WHAT IS NEEDED:
Count the lines in the records below that contain the word "design", and reply with only that number.

::: RECORD EXCERPTS :::

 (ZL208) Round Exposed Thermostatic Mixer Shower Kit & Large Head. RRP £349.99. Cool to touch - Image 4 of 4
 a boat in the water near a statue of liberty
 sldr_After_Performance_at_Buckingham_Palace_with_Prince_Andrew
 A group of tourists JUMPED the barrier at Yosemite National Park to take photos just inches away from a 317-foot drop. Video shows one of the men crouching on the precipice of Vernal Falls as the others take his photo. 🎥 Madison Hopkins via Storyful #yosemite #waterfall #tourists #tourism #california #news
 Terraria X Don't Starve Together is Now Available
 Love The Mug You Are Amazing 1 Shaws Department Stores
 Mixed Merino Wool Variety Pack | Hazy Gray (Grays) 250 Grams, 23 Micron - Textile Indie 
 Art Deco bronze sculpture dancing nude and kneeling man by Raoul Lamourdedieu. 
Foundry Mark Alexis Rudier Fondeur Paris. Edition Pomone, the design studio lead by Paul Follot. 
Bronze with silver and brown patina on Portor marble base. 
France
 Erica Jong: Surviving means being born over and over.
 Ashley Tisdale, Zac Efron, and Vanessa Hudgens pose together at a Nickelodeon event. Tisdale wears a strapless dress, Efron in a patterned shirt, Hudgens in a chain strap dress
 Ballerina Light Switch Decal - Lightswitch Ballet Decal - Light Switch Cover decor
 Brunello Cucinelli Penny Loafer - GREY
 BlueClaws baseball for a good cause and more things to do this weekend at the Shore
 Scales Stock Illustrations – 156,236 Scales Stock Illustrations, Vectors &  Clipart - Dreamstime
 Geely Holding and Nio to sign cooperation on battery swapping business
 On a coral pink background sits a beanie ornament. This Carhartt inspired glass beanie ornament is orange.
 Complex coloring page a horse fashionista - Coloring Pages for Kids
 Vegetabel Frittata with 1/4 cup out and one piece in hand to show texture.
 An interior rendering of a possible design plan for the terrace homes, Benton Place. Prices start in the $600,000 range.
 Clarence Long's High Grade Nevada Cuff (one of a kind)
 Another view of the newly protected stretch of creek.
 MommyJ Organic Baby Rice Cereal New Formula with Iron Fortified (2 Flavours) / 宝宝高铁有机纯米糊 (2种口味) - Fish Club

:::

RESULT OF THE EXERCISE:
2